* WORK INSTRUCTIONS *
Using the material below, repeat exactly the lines from the one with "雑多なペット精神NOTE ス" through the one with "Mayo Methot, Humphrey", ends included, without any images.

* DATA RECORDS *

┌────────

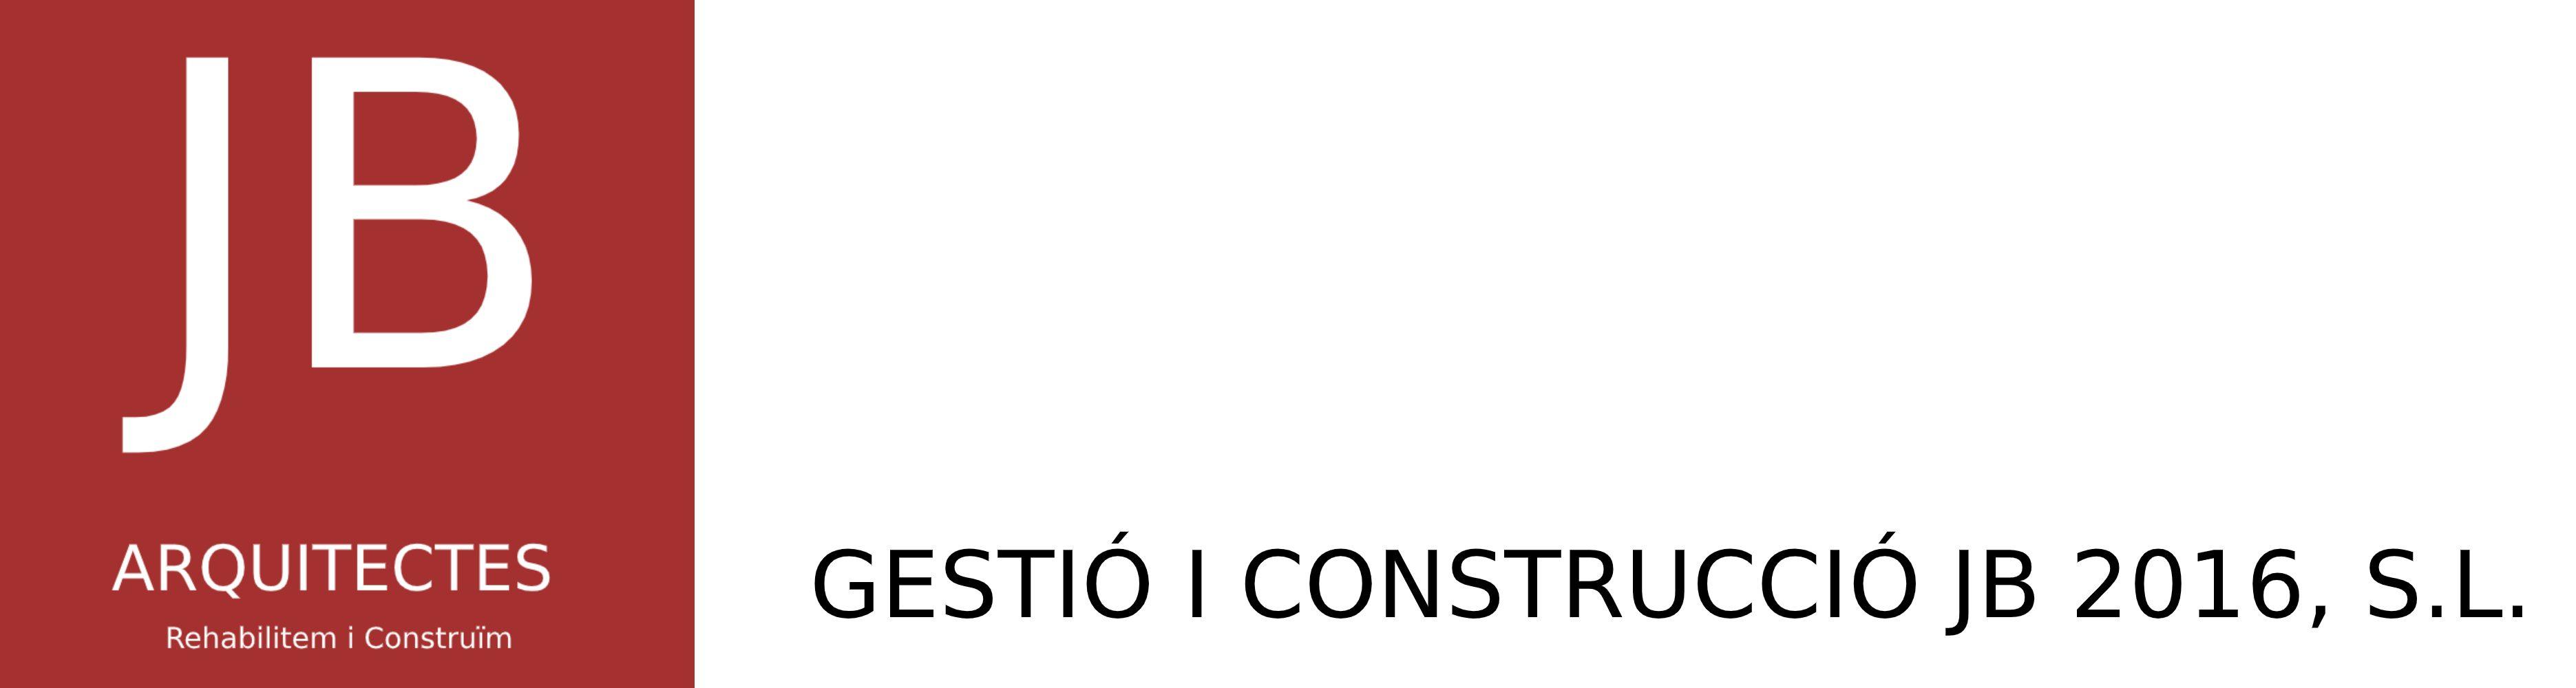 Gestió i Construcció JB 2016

└────────
┌────────

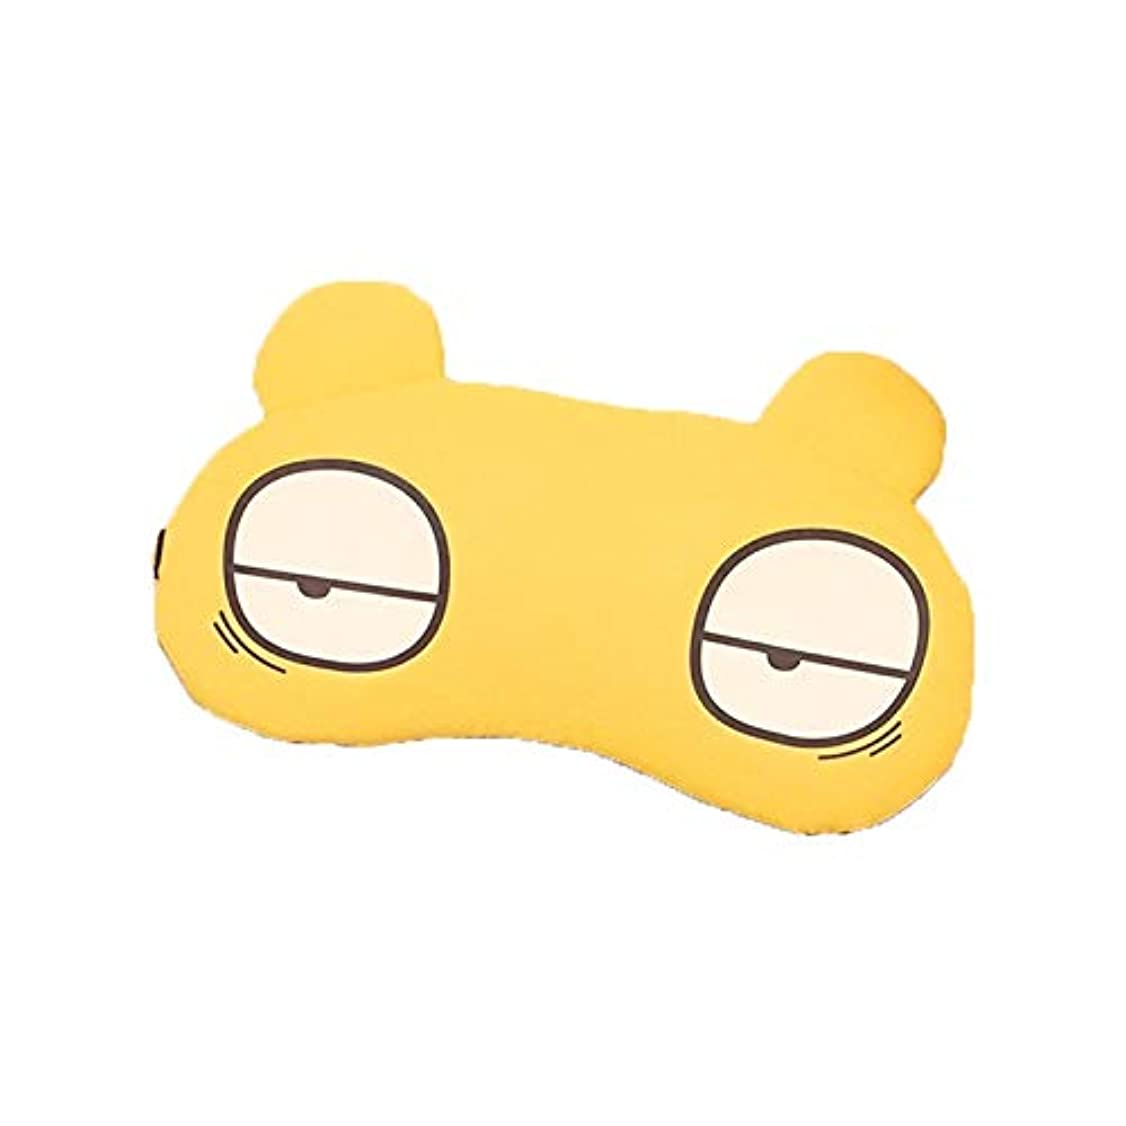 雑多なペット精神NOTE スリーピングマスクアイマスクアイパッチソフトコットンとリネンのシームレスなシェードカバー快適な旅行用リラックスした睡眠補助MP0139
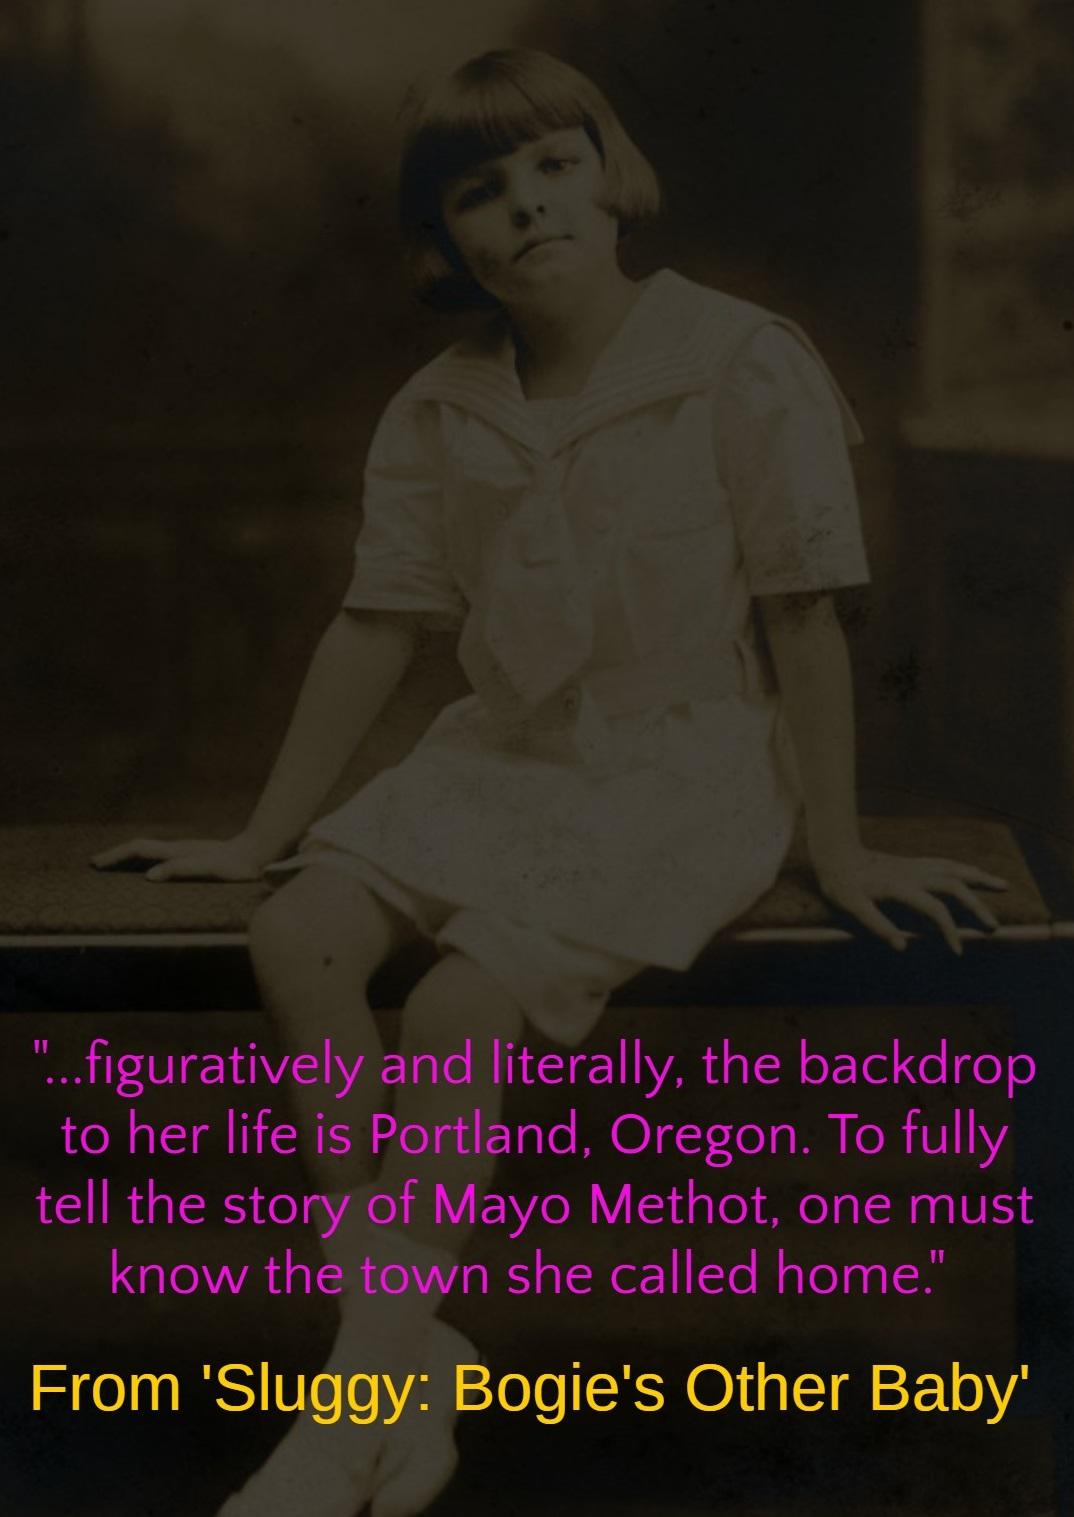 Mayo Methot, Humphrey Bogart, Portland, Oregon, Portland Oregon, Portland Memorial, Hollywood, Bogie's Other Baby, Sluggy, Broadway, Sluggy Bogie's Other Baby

└────────
┌────────

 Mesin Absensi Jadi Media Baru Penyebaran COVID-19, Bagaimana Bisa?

└────────

* RESPONSE FOR THIS EXERCISE *
 雑多なペット精神NOTE スリーピングマスクアイマスクアイパッチソフトコットンとリネンのシームレスなシェードカバー快適な旅行用リラックスした睡眠補助MP0139
 Mayo Methot, Humphrey Bogart, Portland, Oregon, Portland Oregon, Portland Memorial, Hollywood, Bogie's Other Baby, Sluggy, Broadway, Sluggy Bogie's Other Baby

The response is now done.